Mulga Parrots

The Mulga Parrot is a spectacular endemic Australian grass parakeet that is a highly regarded aviary bird because of its beautiful plumage and its determination to breed. Although reportedly rather bold in the wild, they may have a tendency to be nervous and aggressive in captivity, except in a large flight, so they are rarely held as single pets.

The Mulga Parrot is one of two closely related endemic Australian species of Psephotus grass parakeets. In general, the Mulga is the more western bird, while the Red-rumped is found more to the east. The Mulga uses a dry, scrubby grassland habitat.

Appearance:
The adult male Mulga Parrot is a multi-coloured bird sometimes described as “green,” which utterly fails to capture the way this striking bird may look green in some lights and turquoise in others. With his yellow forehead, dab of a scarlet crown, yellow shoulder-patch, and orangey-red lower belly, this flashy bird is  the jewel of the aviary. The female is duller overall but, not to be completely overlooked, she has a bright red shoulder-patch. It is easily distinguished from the equally colorful Red-rumped Parakeet, P. haematonotus, because the Mulga has a greenish rump, while the male Red-rumped has, as you might guess, a red rump.

Weight: 
50 - 70 grams (1.7 - 2.5 oz.)

Average size: 
28 centimeters (11 in.)

Lifespan:
12 years

Behaviour / temperament

With breeding pairs, be respectful of the Mulga Parrot's somewhat aggressive yet reserved nature, and provide housing that allows your pets to feel safe. If you have a female that is constantly over-producing eggs, consult with a vet or another breeder to put a stop to the behaviour  You may be able to save some of the excess eggs or babies by placing them with foster parrots. However, if she keeps over-producing, her life is likely to be short, so consider such tactics as removing the nest box.

Housing:
It would be relatively rare to own a single pet Mulga Parrot, but in the event that you do, be aware of the bird's need for exercise to fight obesity, boredom, and aggression. The powder-coated metal cage should be a large one, perhaps a minimum of 24”w by 18”d by 24” h, and you should also have a play gym with chew items and assorted toys. You want to interact with your pet every day to keep it socialized, so make it practical for the two of you to be together.
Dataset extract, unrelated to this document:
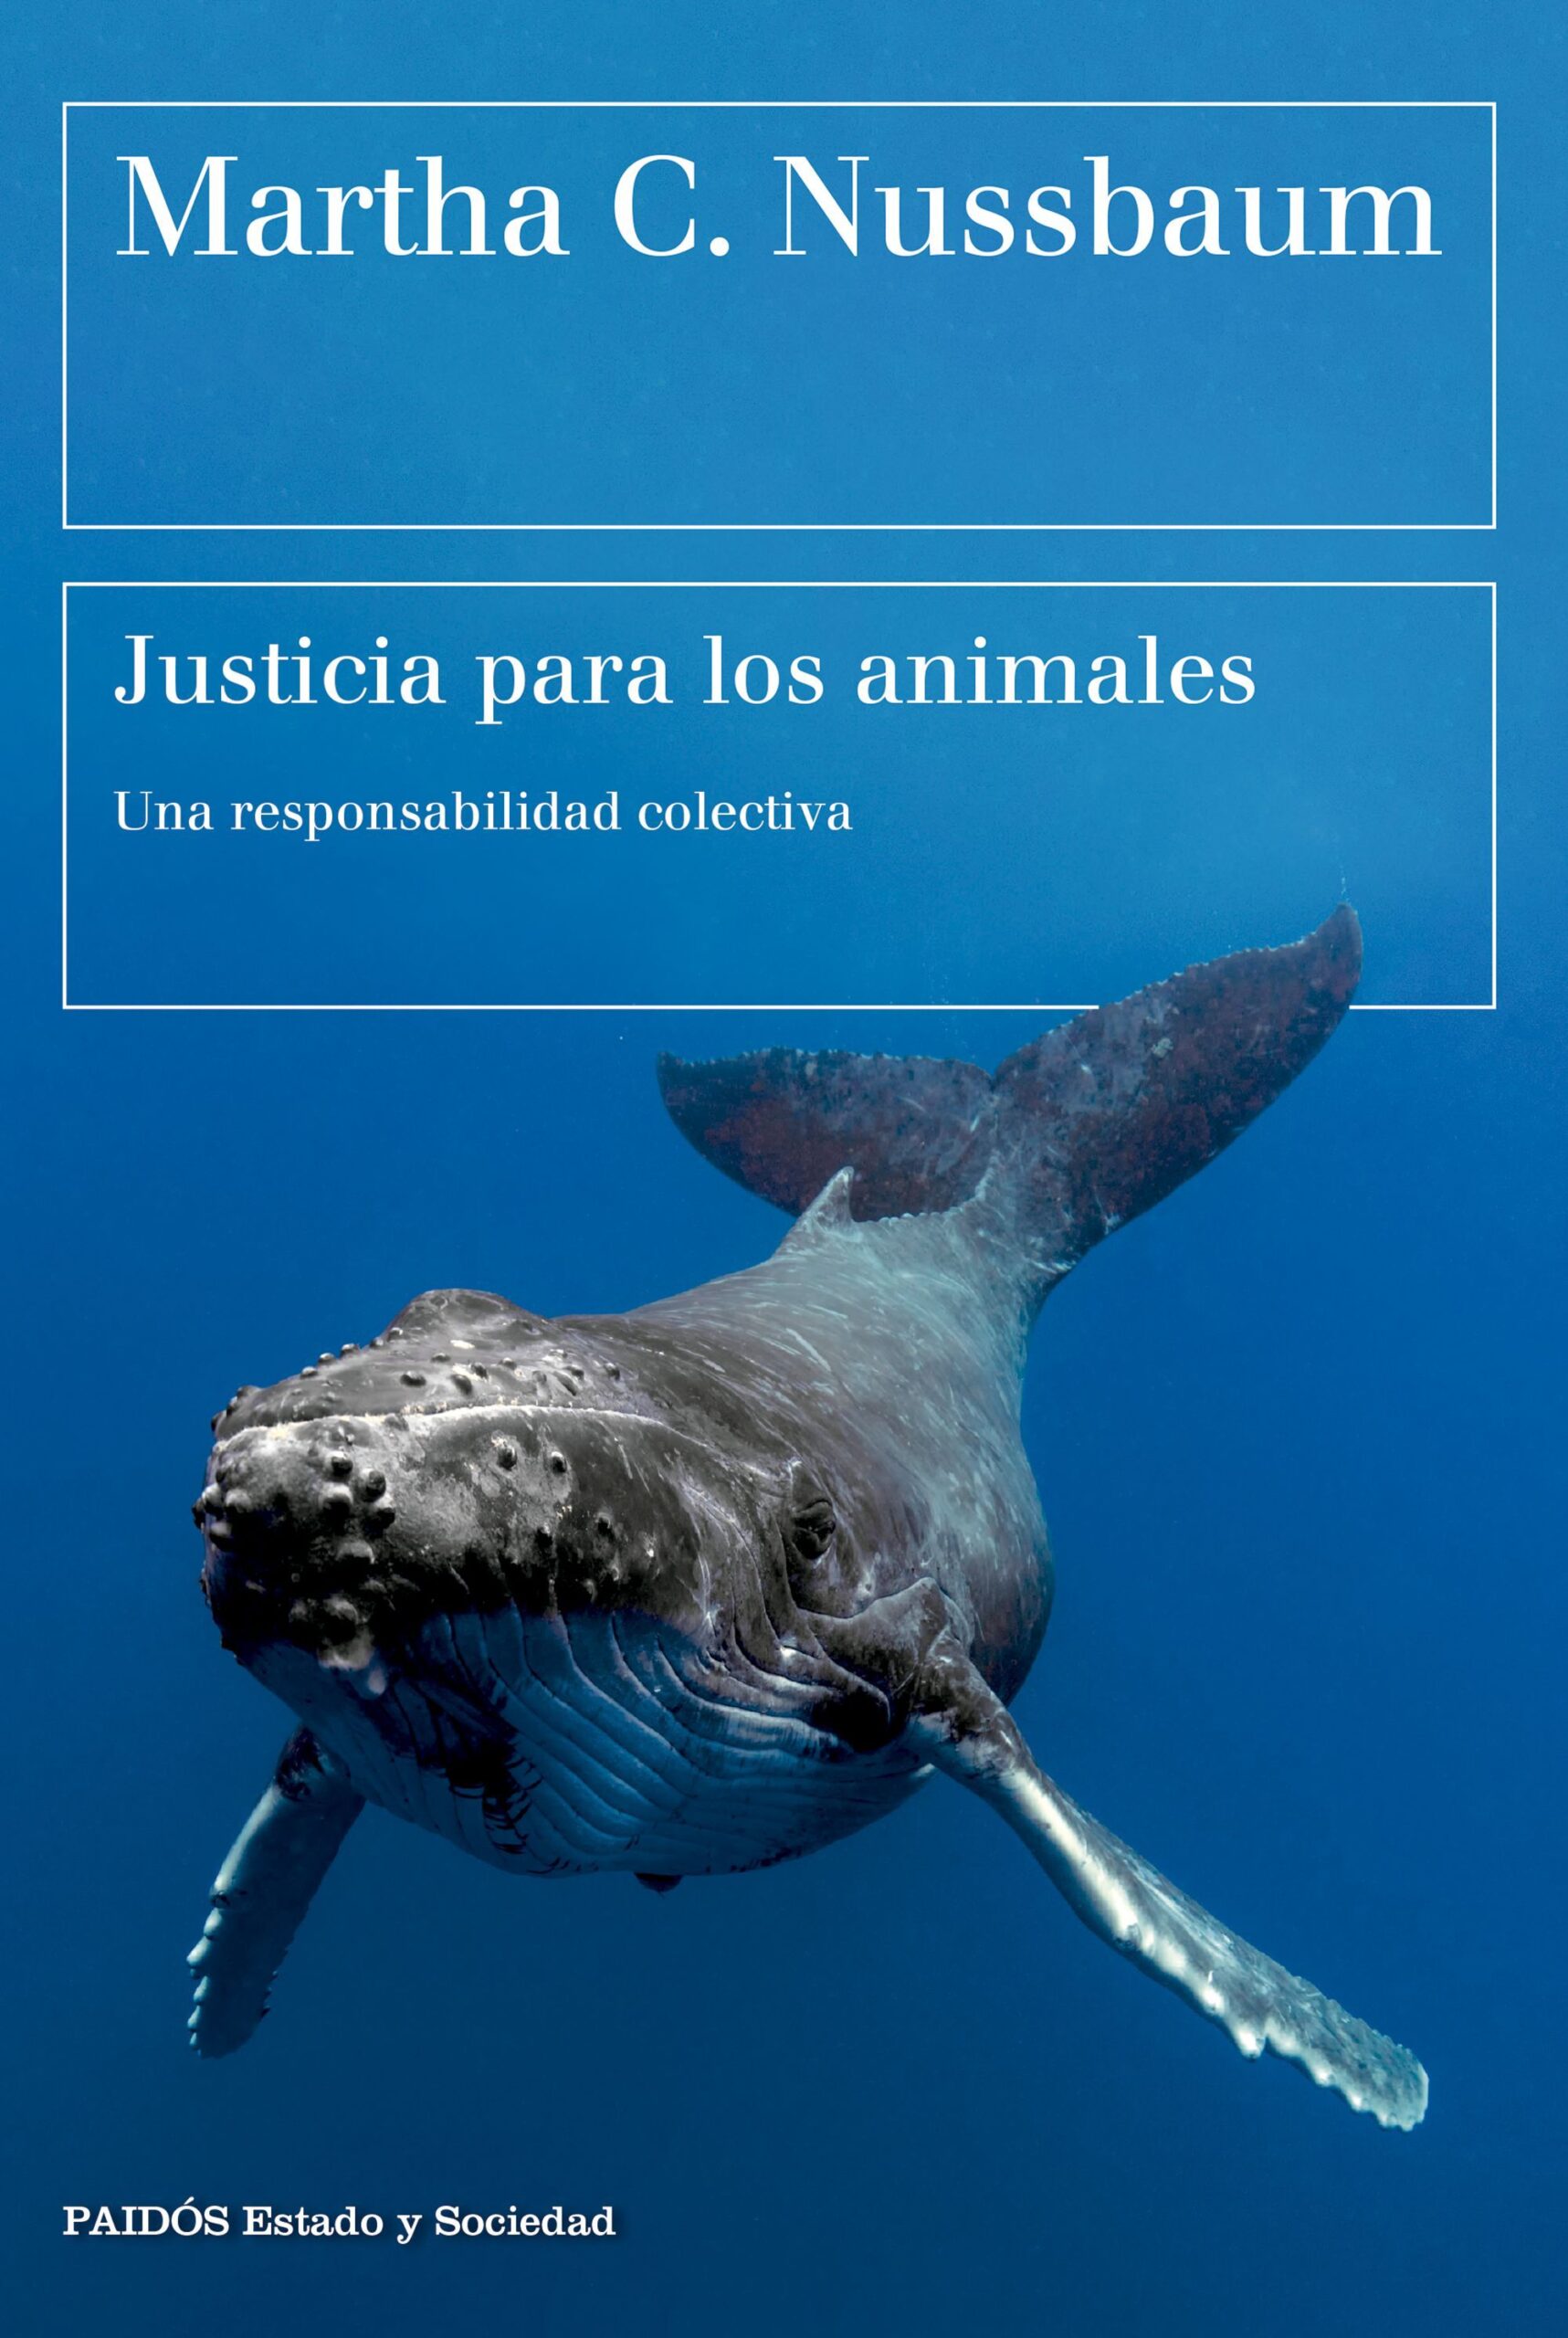 JUSTICIA-PARA-LOS-ANIMALES.jpg

Breeding birds should be kept in pairs, in a large aviary, probably large enough to walk into. They are too nervous and flighty for small flights, and they are too territorial toward other birds or pets to share, so you should plan for a large aviary for each pair of Mulga Parrots. They love to bathe, both in clean sand and in water, so provide them with the proper shallow “puddles” of sand and dirt to allow them to do so. It's a worth a little trouble to keep those gorgeous feathers gleaming. When setting up the aviary, bear in mind that this sun-loving species doesn't tolerate being cold and damp.

Diet:
Like most Australian grass parakeets, the Mulga Parrot isn't terribly difficult to feed right, but the birds do tend to become obese if you don't watch out. The core of the diet is usually a high quality small seed mix. High fat seeds like sunflower should be restricted or not given at all if the birds are overweight. You should also supply a chopped salad heavy on seasonal fruits and vegetables, with plenty of chopped greens supplied. Some breeders stir in wheat germ oil. Soaked, sprouted, or milkyseeding grasses should be offered regularly. You can offer a high quality pellet, but if the birds will not eat it, you may have to instead prepare a high quality multi-grain or cockatiel “birdie” bread. Mulga Parrot females sometimes lay over-sized clutches, straining their bodies. You may want to ask your vet or breeder about whether to offer calcium or other supplements, but bear in mind that calcium may not easily be absorbed without access to either natural sunlight, full spectrum lighting, or vitamin D3. You should provide richer food in the breeding season, perhaps eggfood, special bird breeder's mix, or even live food.